Eurogamer.es - Recomendado sello
Un juego chiquitín que no sólo es una delicia de jugar, sino que tiene el potencial para cambiar nuestra forma de entender los videojuegos.

Como voy por la mitad de mi tercera partida de Minit, puedo afirmar sin apenas temor a equivocarme que escribir la primera frase de este análisis me ha costado alrededor de unos veinte segundos. Y sé esto porque es, al fin y al cabo, un juego que trata sobre nuestra percepción del tiempo, y cuya premisa principal es que cada partida dura solo un minuto. Cada vez que arranquemos el juego, el protagonista aparecerá en el mismo lugar predeterminado del mapa, con una cuenta atrás que comenzará en el número 60. Cuando llegue a 0, nuestro personaje morirá, y volveremos al punto de inicio. Para progresar tendremos que optimizar este tiempo, gestionándolo de la mejor forma posible para llegar cada vez más lejos y resolver puzzles que nos permitan acceder a zonas nuevas y avanzar en la historia. La primera revelación viene cuando, tras veinte o treinta muertes - es decir, una media hora - nos encontramos a nosotros mismos llevando mentalmente la cuenta del tiempo que falta hasta el siguiente reinicio, sin necesidad de mirar el marcador. Con un concepto tan sencillo, Minit es capaz de hacernos pensar de forma distinta a lo que acostumbramos, y cambiar con ello la forma en la que nos aproximamos al videojuego.

Es curioso que esta epifanía suceda tan temprano dentro de la partida porque, por todo lo demás, es un título en el que el avance sucede muy lentamente. La limitación de tiempo hace que apenas tengamos tiempo de ejecutar un par de acciones en cada intento; sólo encadenando una vida tras otra, juntando muchos pequeños descubrimientos, podremos sentir que realmente estamos yendo hacia algún sitio. La mecánica fundamental del juego es la muerte, y tiene mucha más importancia de la que parece a primera vista; pero si lo más común es que los videojuegos utilicen la muerte del jugador como penalización por sus errores, aquí sirve únicamente como elemento que marca el ritmo, pues condiciona la forma en la que enfrentamos cada situación. Si jugamos, por ejemplo, a The Legend of Zelda (1986), nuestro objetivo será mantenernos vivos el mayor tiempo posible, pero en Minit la muerte es un destino inevitable, un punto fijado en nuestro futuro cercano, así que nuestra meta pasa a ser utilizar el tiempo del que disponemos para hacer algo - ¡lo que sea! - antes de volver al principio de nuevo. Cada segundo puede ser útil y trascendente, porque tiene el potencial de servir para encontrar una moneda, resolver un acertijo, recopilar información que nos ayudará a entender mejor el mapa.

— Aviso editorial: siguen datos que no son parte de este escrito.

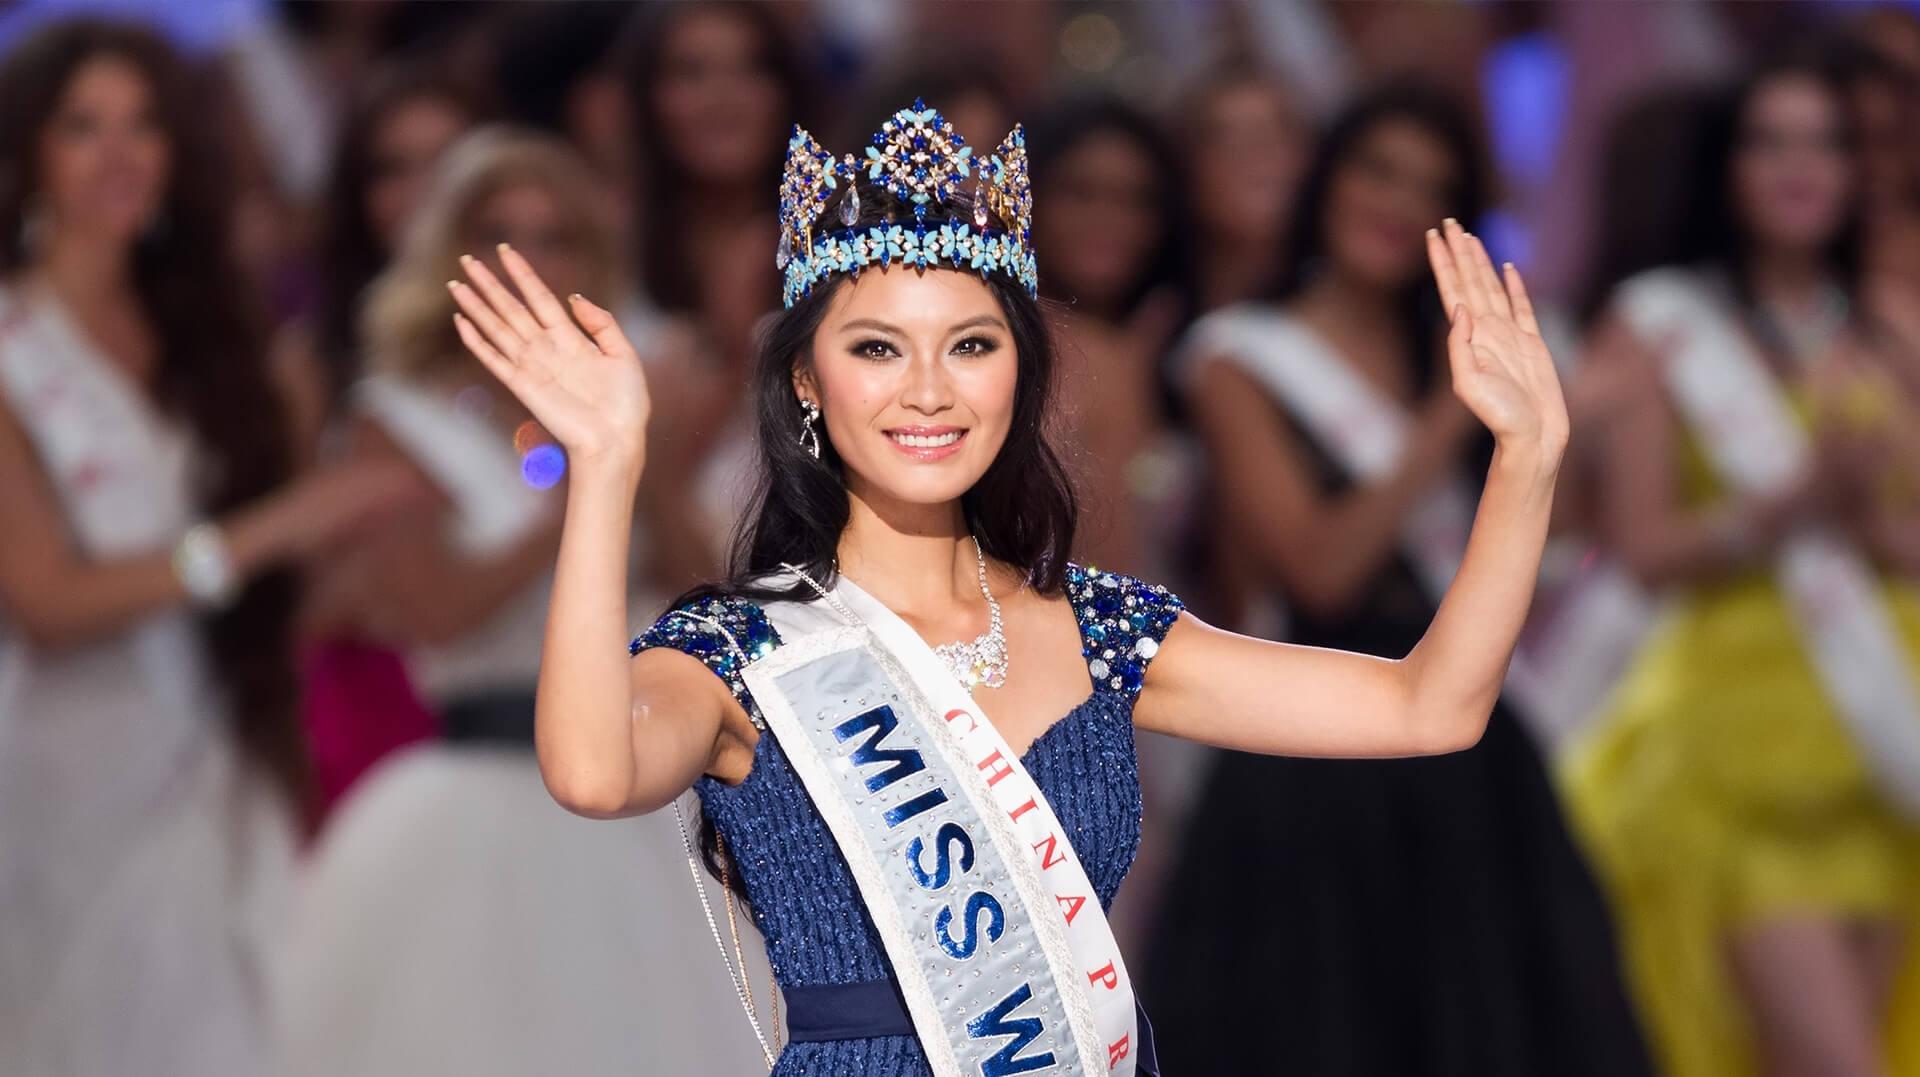 Мис Свят 2012 Вън Сяю

En esta misma línea de pensamiento, no deja de resultar llamativo que además de las flechas de movimiento, sólo disponemos de otros dos botones: el botón de reiniciar, que nos permite forzar el final de la partida y volver al inicio sin esperar a que transcurran los 60 segundos, y el botón de atacar, para eliminar a los enemigos que nos encontremos a nuestro paso. Es decir: un botón de morir, y un botón de matar. La dicotomía completa de nuestra aventura.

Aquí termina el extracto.